Cost levers at inference time, ranked by how much they matter:

  1. Pick a smaller model. Smaller models are cheaper per token. Haiku vs Sonnet vs Opus is a 10x difference.

  2. Reduce input tokens. If you're stuffing 10 few-shot examples into every prompt, that's 10x the input bill forever. RAG with targeted retrieval beats shotgun few-shot.

  3. Cap max_tokens. Don't pay for output you'll truncate.

  4. Cache responses where queries repeat.

Security, Logging, And Networking
Everything in Bedrock flows through AWS's normal security controls, which is most of the reason to use it over a third-party API:

  • IAM — every InvokeModel call is authenticated. You scope permissions per-model via IAM policies bedrock:InvokeModel on specific model ARNs). Least-privilege applies.

  • KMS — your custom models, training data, and Knowledge Base contents are encrypted at rest with customer-managed keys if you want.

  • VPC endpoints / PrivateLink — route Bedrock traffic over the AWS backbone, never touching the public internet. Standard enterprise ask.

  • CloudTrail — logs every control-plane call.

  • Model invocation logging — this is the one you'll actually need. It's off by default. Turn it on and Bedrock writes every request/response pair to S3 or CloudWatch Logs. This is the answer to any exam question about "audit what the model saw and said" or "debug production prompt behavior." Enable it on day one.

Your prompts, completions, and fine-tuning data are not used to train Amazon's or any vendor's models.
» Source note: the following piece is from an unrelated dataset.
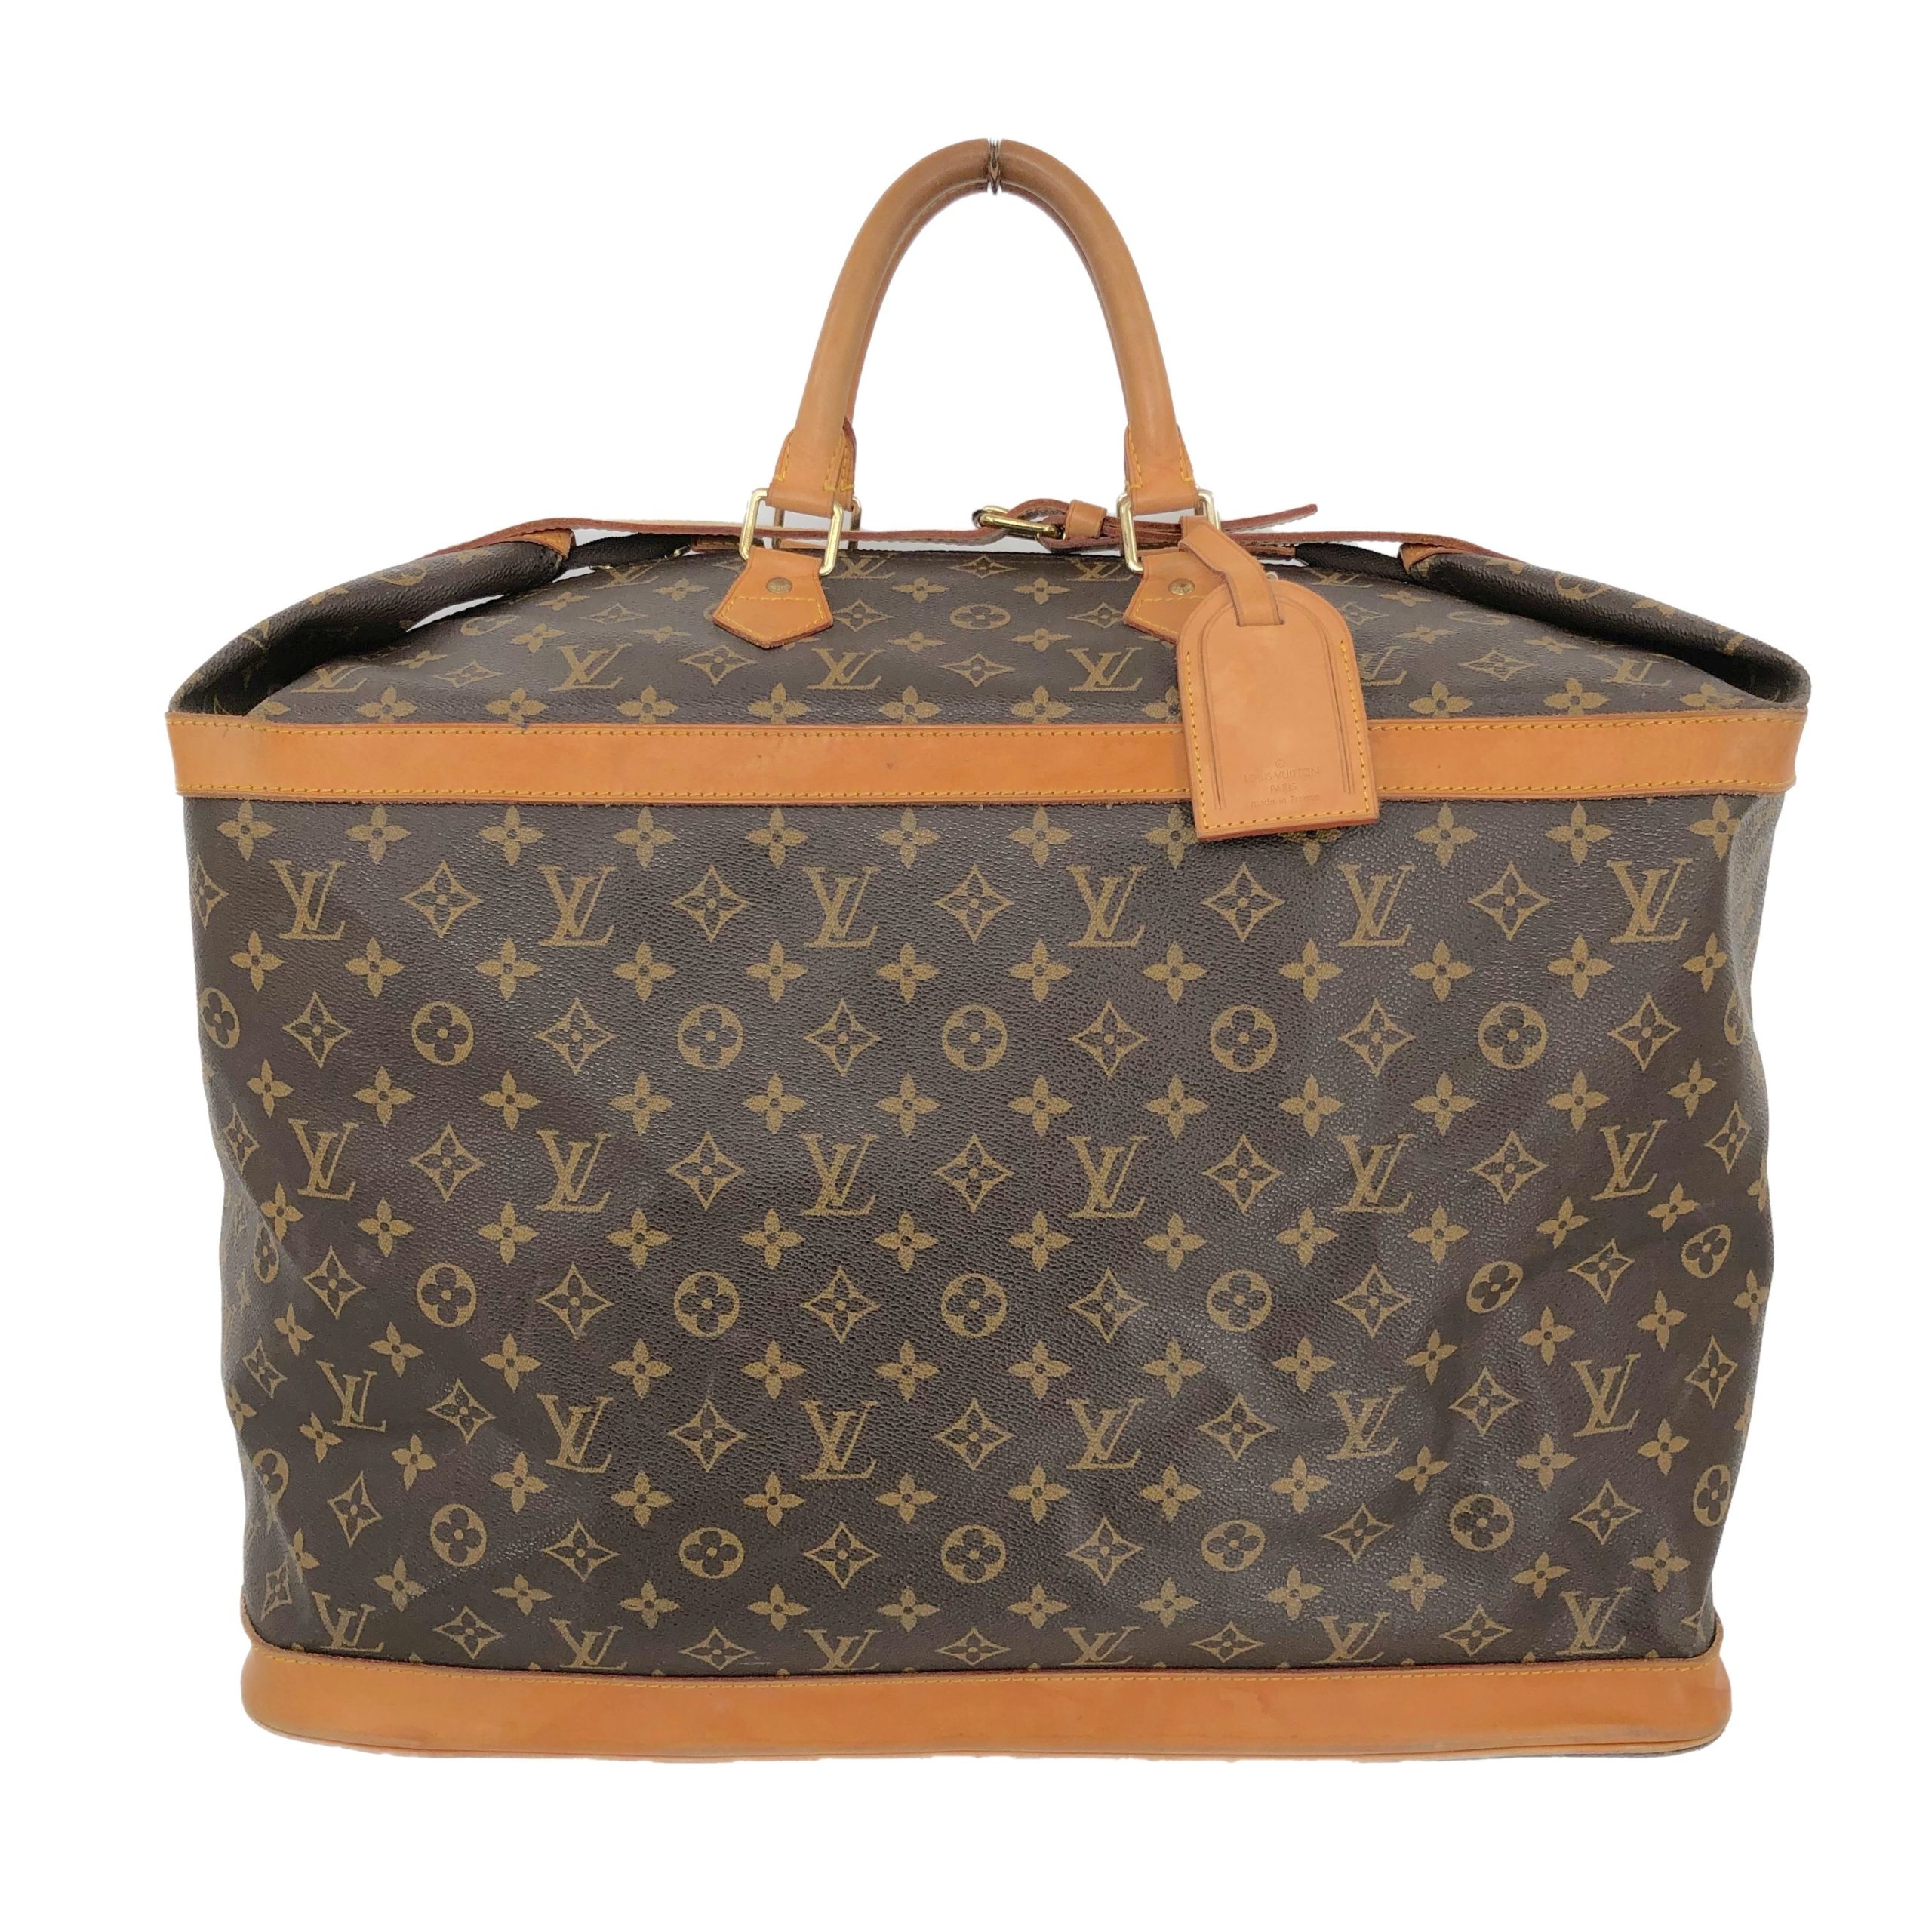 Louis Vuitton Cruiser 50 Travel Bag.

This is a contractual data-handling commitment and it's the main reason enterprises pick Bedrock over calling model providers directly.

Bedrock vs SageMaker vs Amazon Q
These three get confused constantly. The clean mental model:

  • Bedrock — you call an API, a foundation model answers. Build-your-own-app. Serverless. You pick the model.

  • SageMaker — the full ML platform. You build, train, tune, deploy your own models (traditional ML or your own FMs). Much more flexible, much more work. JumpStart is the SageMaker feature that overlaps with Bedrock — it lets you deploy pretrained FMs to your own endpoints.

  • Amazon Q — the finished product. Q Developer is a code assistant (in-IDE, like a Copilot competitor). Q Business is a RAG assistant over your company data with pre-built connectors to Slack, Salesforce, S3, etc. Q uses foundation models but doesn't let you pick them. Q is the finished end-user app; Bedrock is the LEGO set you build one with.

If the question is "build a custom generative AI app with choice of model," it's Bedrock. If the question is "give our employees a ChatGPT-over-our-docs with zero code," it's Q Business. If the question is "train a fraud model on our tabular data," it's SageMaker.

A Reasonable Mental Model To Ship With
If you're standing up a Bedrock-backed app today, the default stack looks roughly like this:

  1. 1. Start with Claude (or whichever model's good at your task) via Converse on-demand pricing.

  2. 2. Iterate on prompts until you've squeezed everything you can out of them.

  3. 3. Put your private docs behind a Knowledge Base with OpenSearch Serverless. Call RetrieveAndGenerate.

  4. 4. Attach a Guardrail with PII masking and denied-topics the day before you show it to anyone outside the team.

  5. 5. Turn on model invocation logging to S3. You will need it.

  6. 6. Put the whole thing behind a VPC endpoint if you're in an enterprise account.

  7. 7. Only reach for fine-tuning or Agents when you've proven prompt+RAG isn't enough, and budget for Provisioned Throughput if you do.

That covers maybe 90% of real-world Bedrock usage. The rest is details — and most of the details are just regular AWS (IAM policies, KMS keys, CloudTrail) applied to a slightly new service.